You generate the game map once it's known where the player clicked. During generation you take into account that the first clicked cell has to be mine-free. In general, when distributing mines, the algorithm has to take into account already that there must be N mines in the field, so avoid instances where it assigns two mines to the same field twice. You treat the starting field as just another "mine" whose position is hardcoded.

A simple algorithm would be to re-do the map generation until there is no mine collision, but with larger numbers of mines, the collision chance increases, so your runtime will go up superlinearly. A simple but very effective improvement is to keep the positions of the mines up until the collision and then only change the seed for subsequent mines. Then your algorithm should in fact scale much better. You can also use different methods, like assigning indices in a certain way so that invalid states are avoided completely. A bit more complicated but way "cleaner".

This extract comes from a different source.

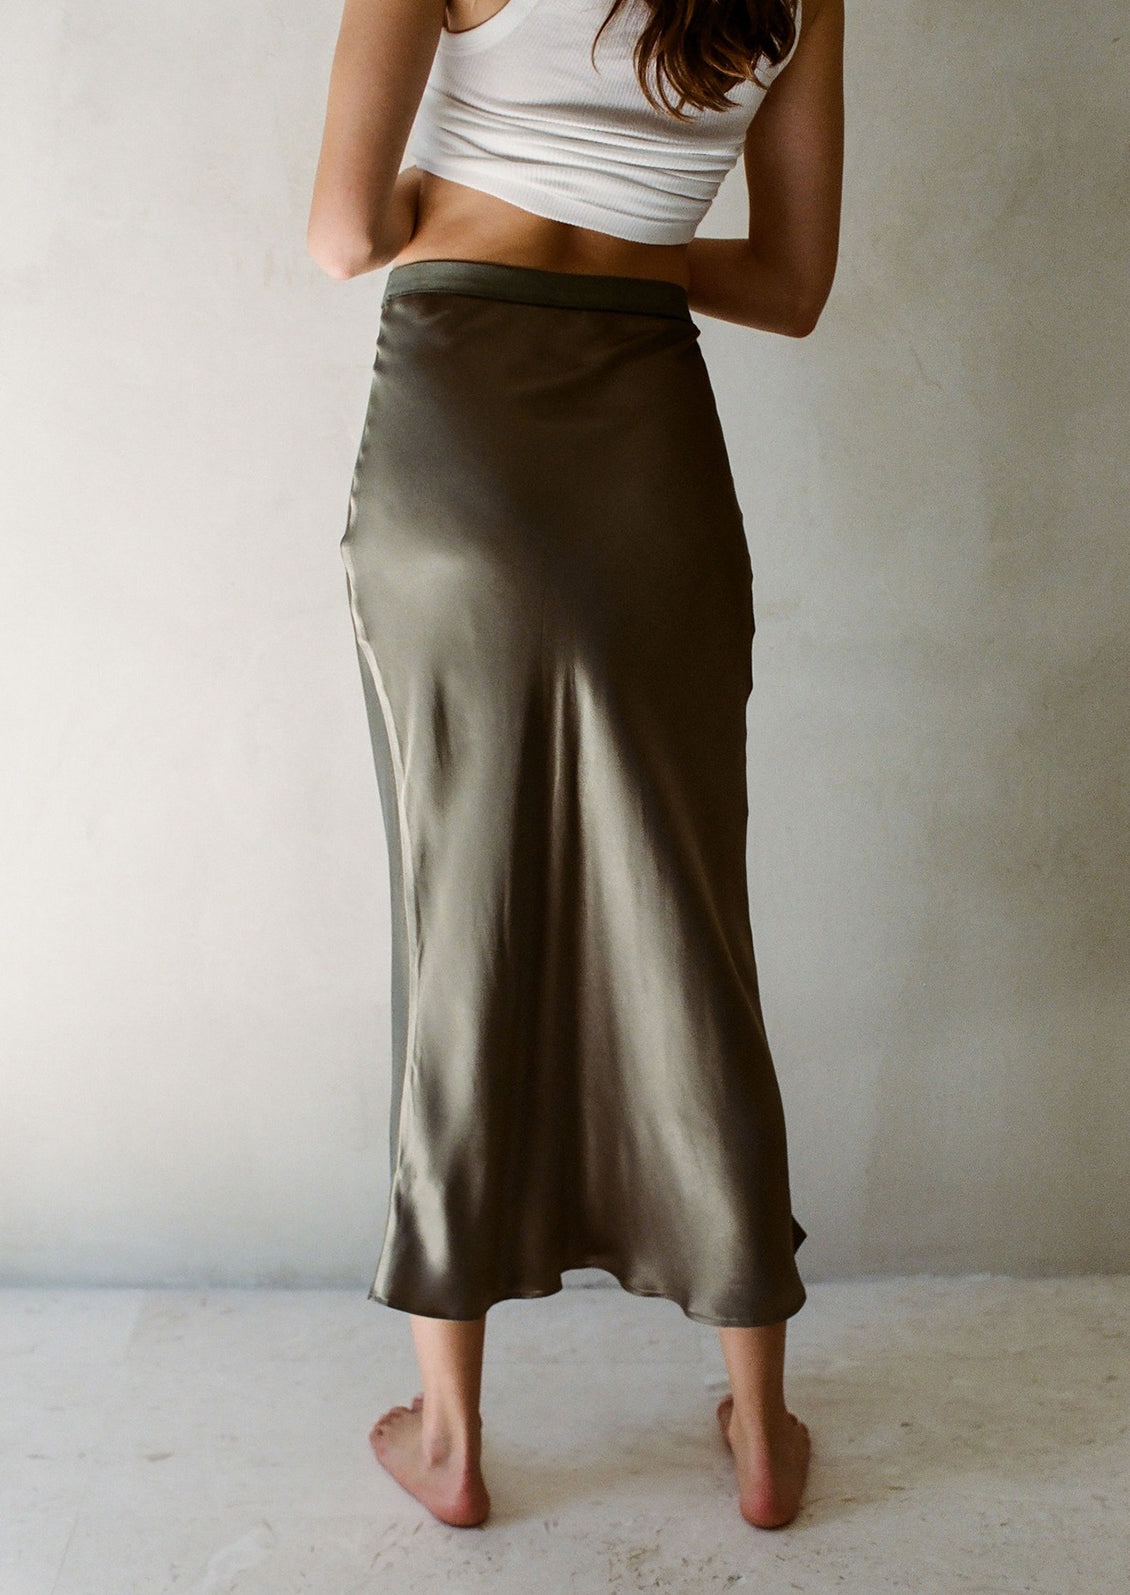 A woman wearing a form fitting skirt in olive green satin material.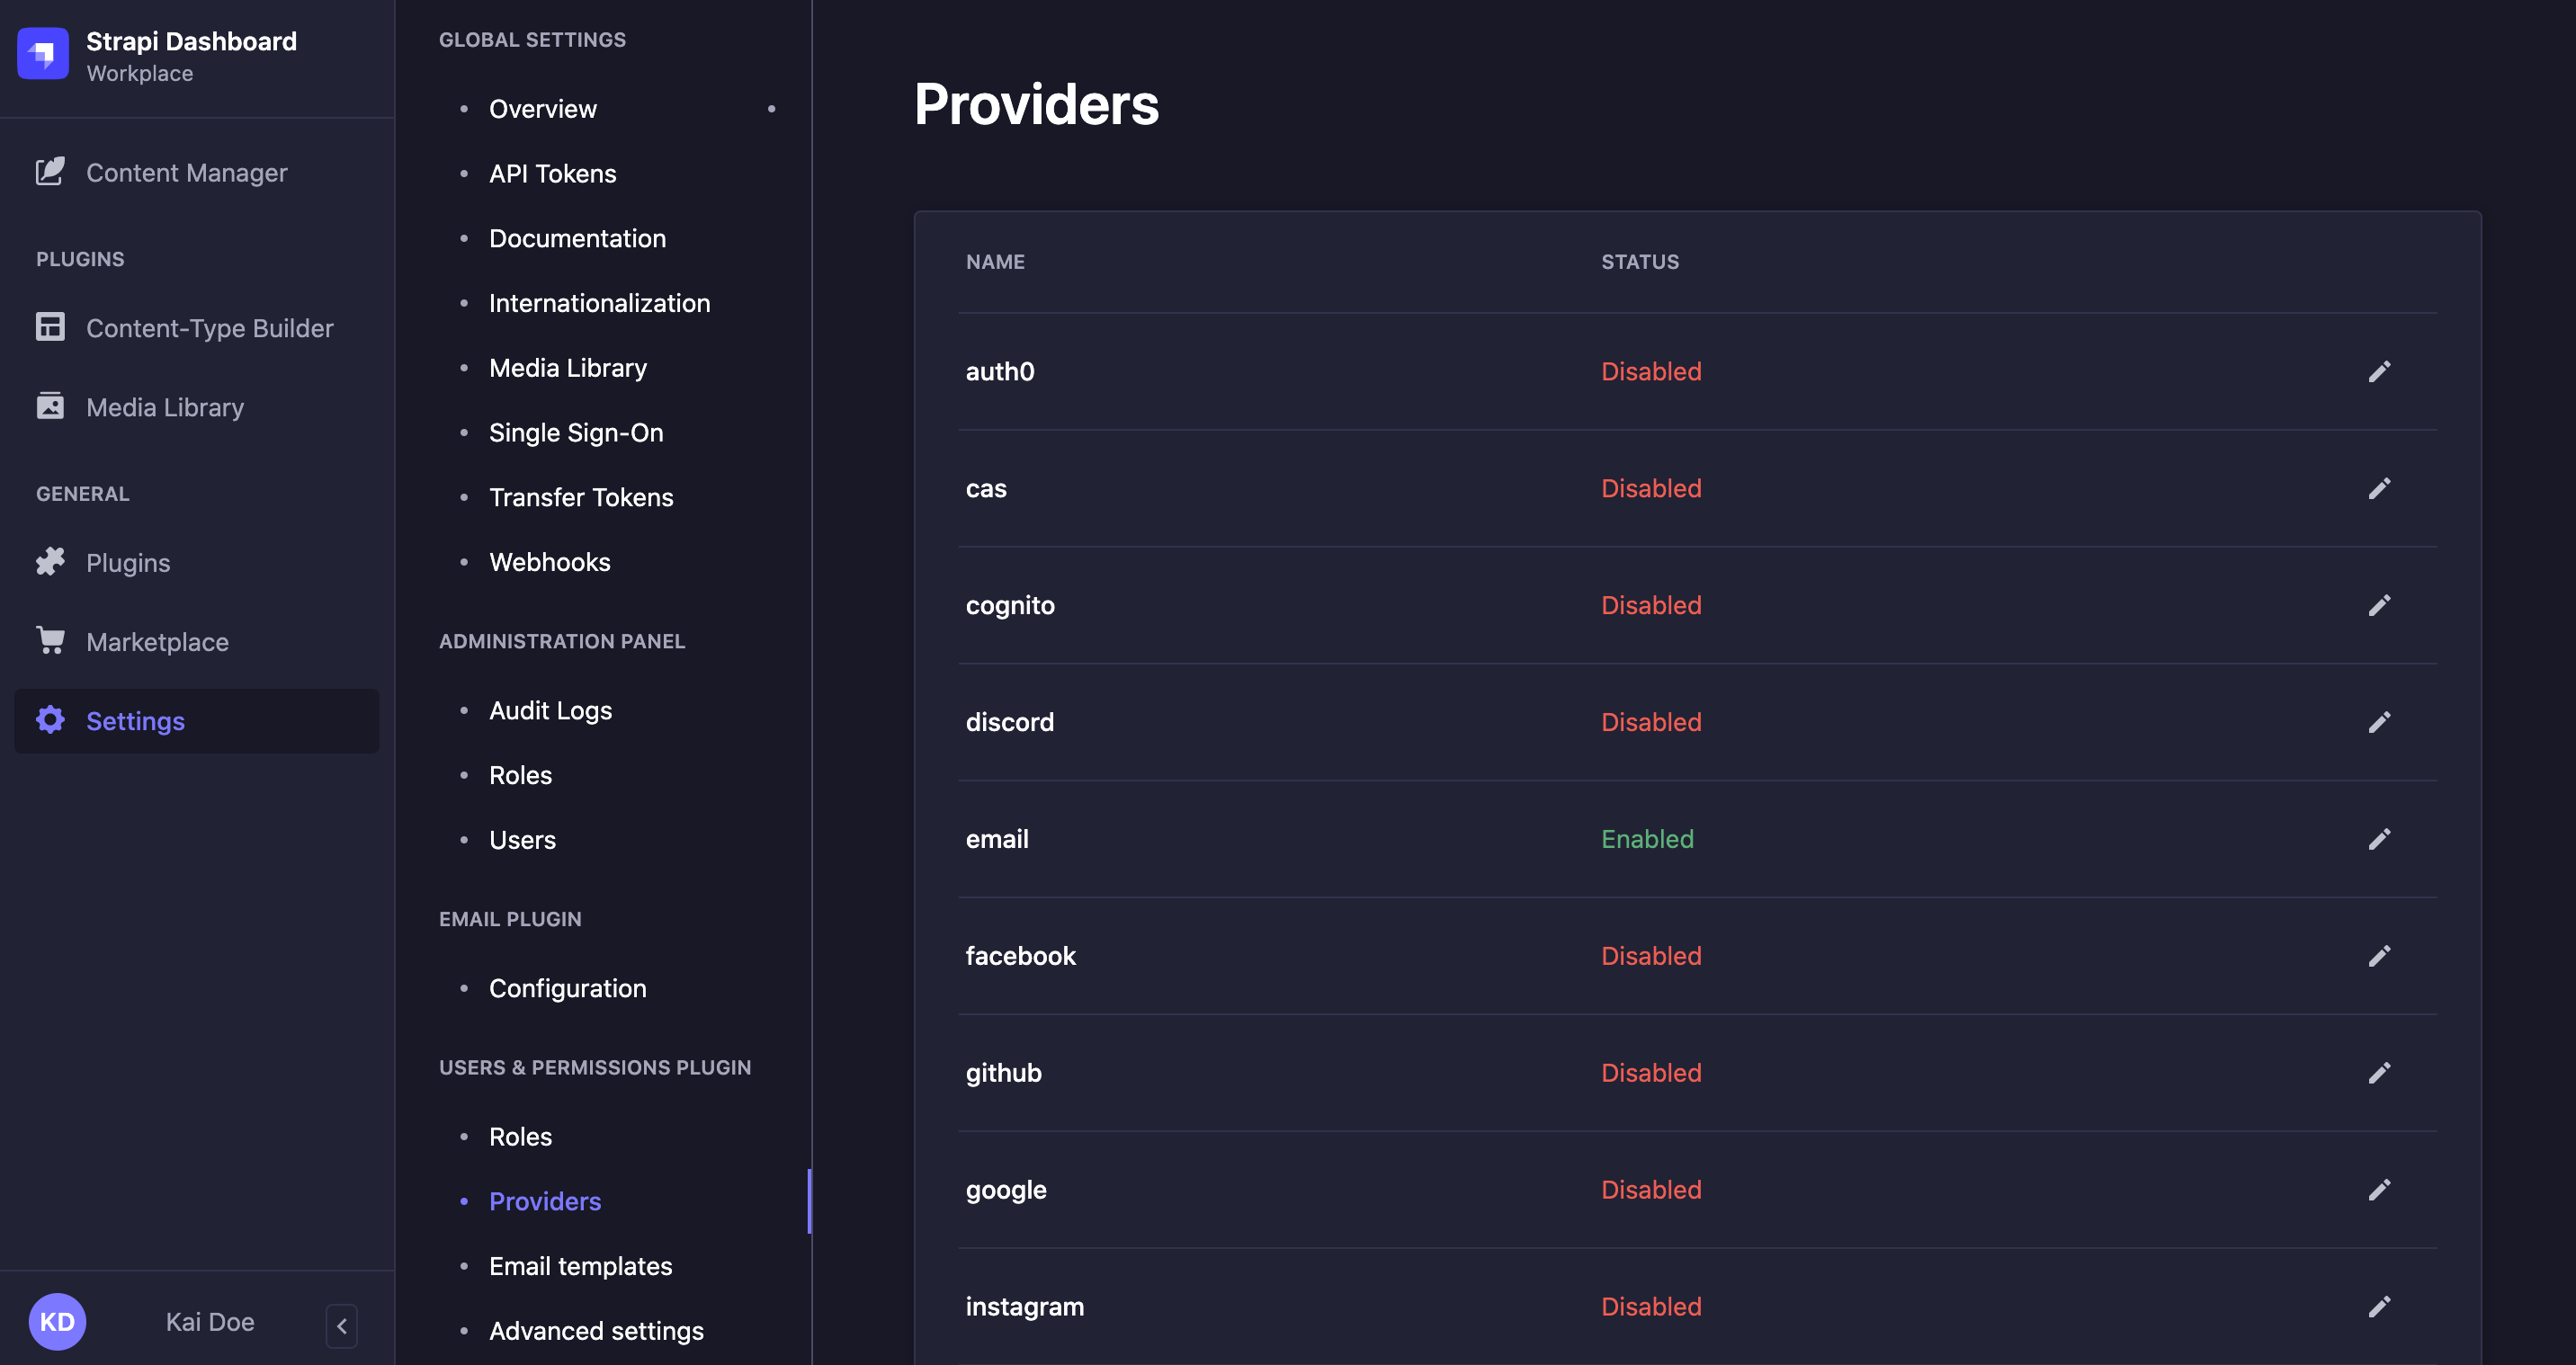 Providers interface

There is an even simpler approach: for maps with K total cells there would be always K-1 unclicked cells and a single clicked cell after the first click, so you can generate K-1 cells and insert a "gap" corresponding to the first clicked cell. This works because every unclicked cell has an equal probability to become a mine.
Even simpler still is to just move any mine clicked on in the first move into an empty square before processing the clicked square as normal.
This is what actually happens in the Windows original (it doesn't look for a random empty square, it tries them in reading order starting from the top left).
That needs a list of empty cells, otherwise you need to retry and get the same issue as the map-wide regeneration.